Last weekend I posted a blog entry entitled Fun With Holster Angle. Over the past few days, I came to realize that I was trying to measure the wrong thing, complicating an issue that isn't complicated at all.
Heretofore, when we'd buy a holster, it had a cant. Indeed, most holsters, regardless of the particular sport are canted. The duty holster I wear every day is canted. All of my off-duty and sport holsters have cant, cant is very common. However, the CFDA rules specify that:
There will be no more than a 20-degree (front or back) holster cant while the shooter is in a normal standing positionSo, I had to unwrap my head from the concept of built-in holster cant and wrap my head around the concept that everyone is different, and wears their holsters differently. What matters is the angle of the holster while the shooter is standing in a normal standing position.

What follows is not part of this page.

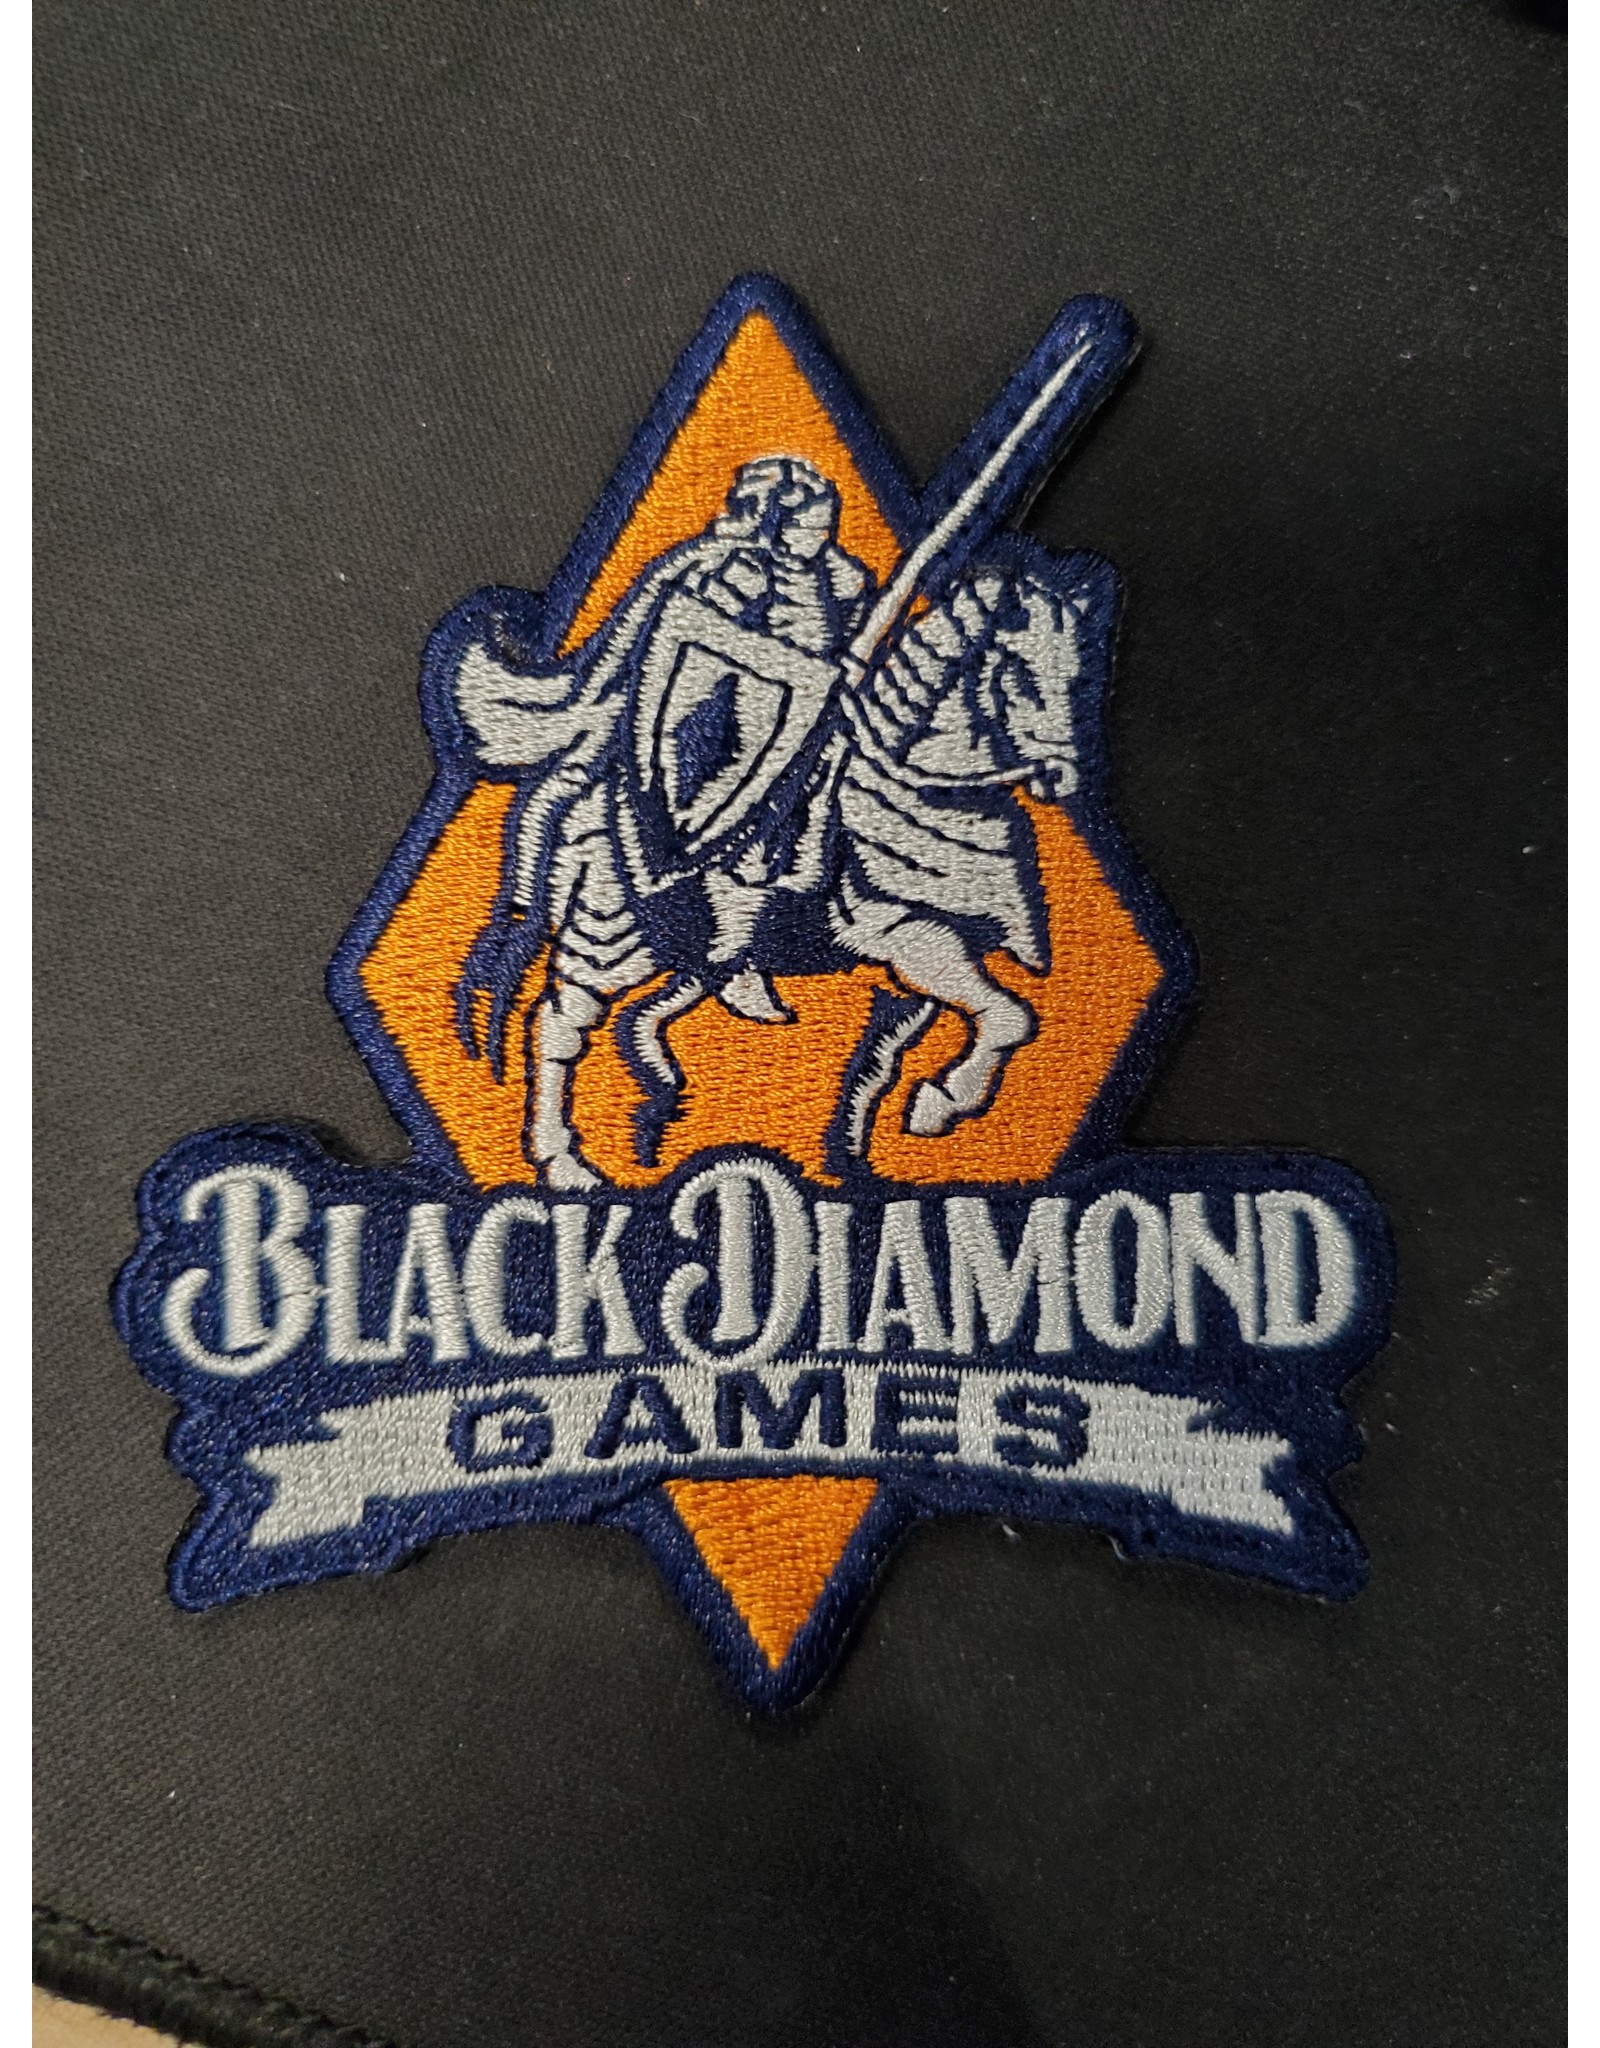 Black Diamond Games Patch
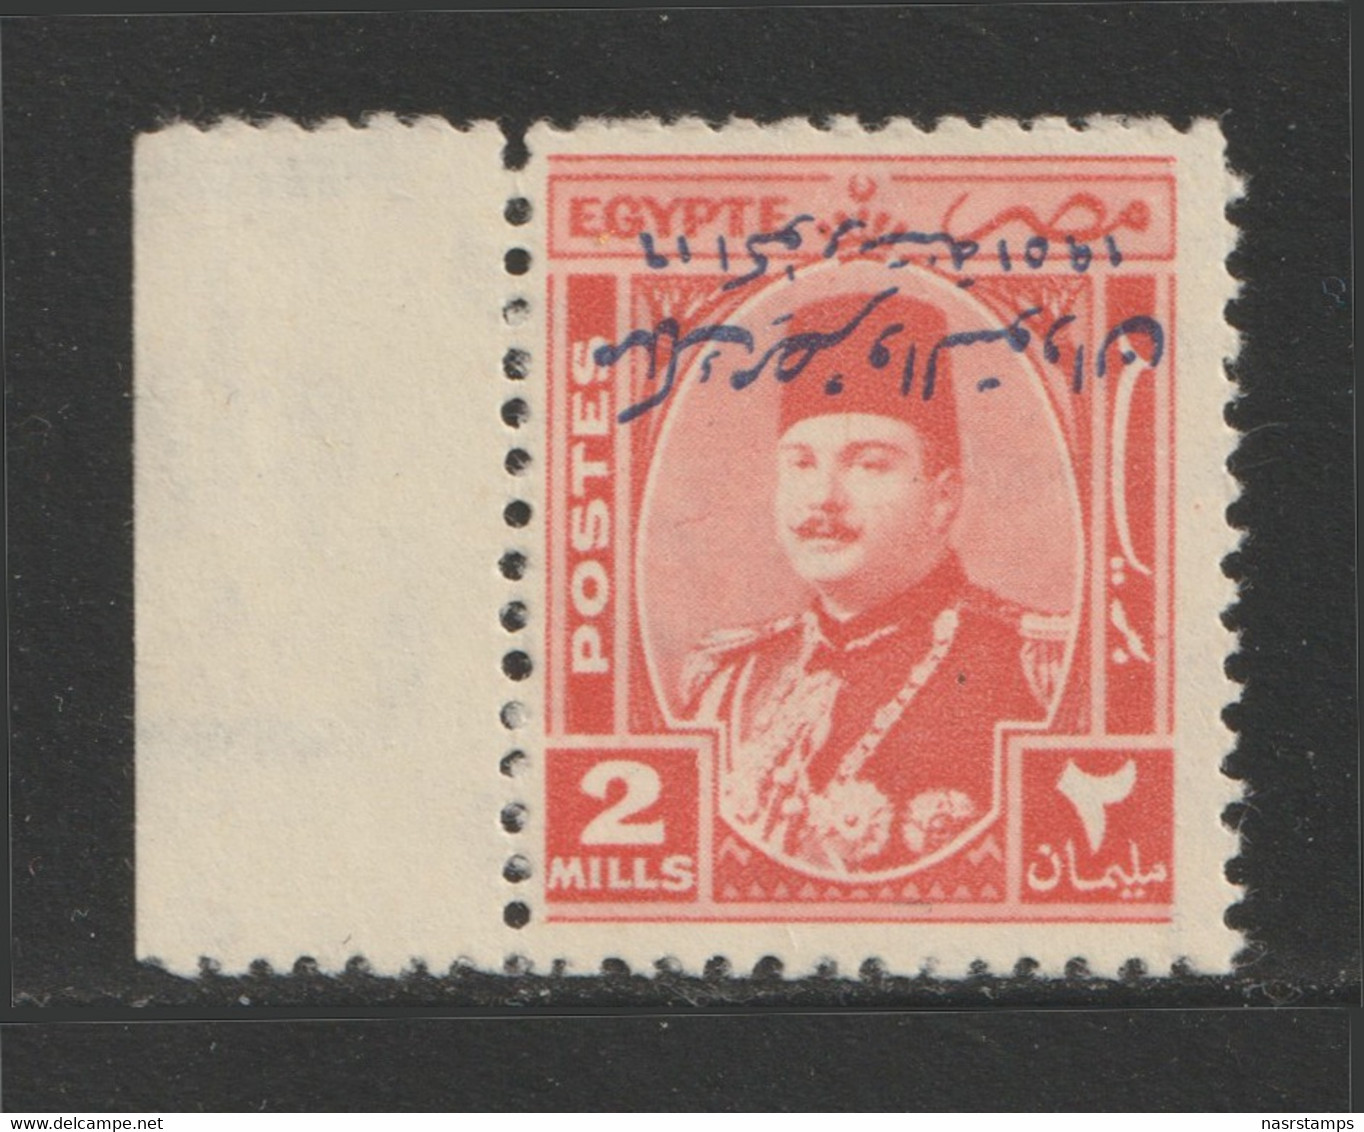 Egypt - 1945 - Rare - Inverted Overprint "Misr & Sudan" - ( King Farouk - 2m ) - MNH** - Unused Stamps

Well, heck, that's easy. All we need to do is have the shooter stand in a normal standing position and measure the angle of the holster from the vertical as that shooter wears the holster. So, we're not measuring the manufactured cant of the holster, we're measuring the holster angle as the shooter wears it. Interestingly, I have a couple of holsters with a manufactured 17 degree cant. I measured them as I wear them, and the holster angle when I am in a normal standing position is about 6 degrees.
SO, on the recommendation of some very experienced CFDA gurus, I ordered a couple of these
They will be delivered in a few days, and I'll have one on each of the scoring tables when we do the sanctioned state championship in April. This thing looks nearly fool-proof, which is good when we consider that I'll be operating it.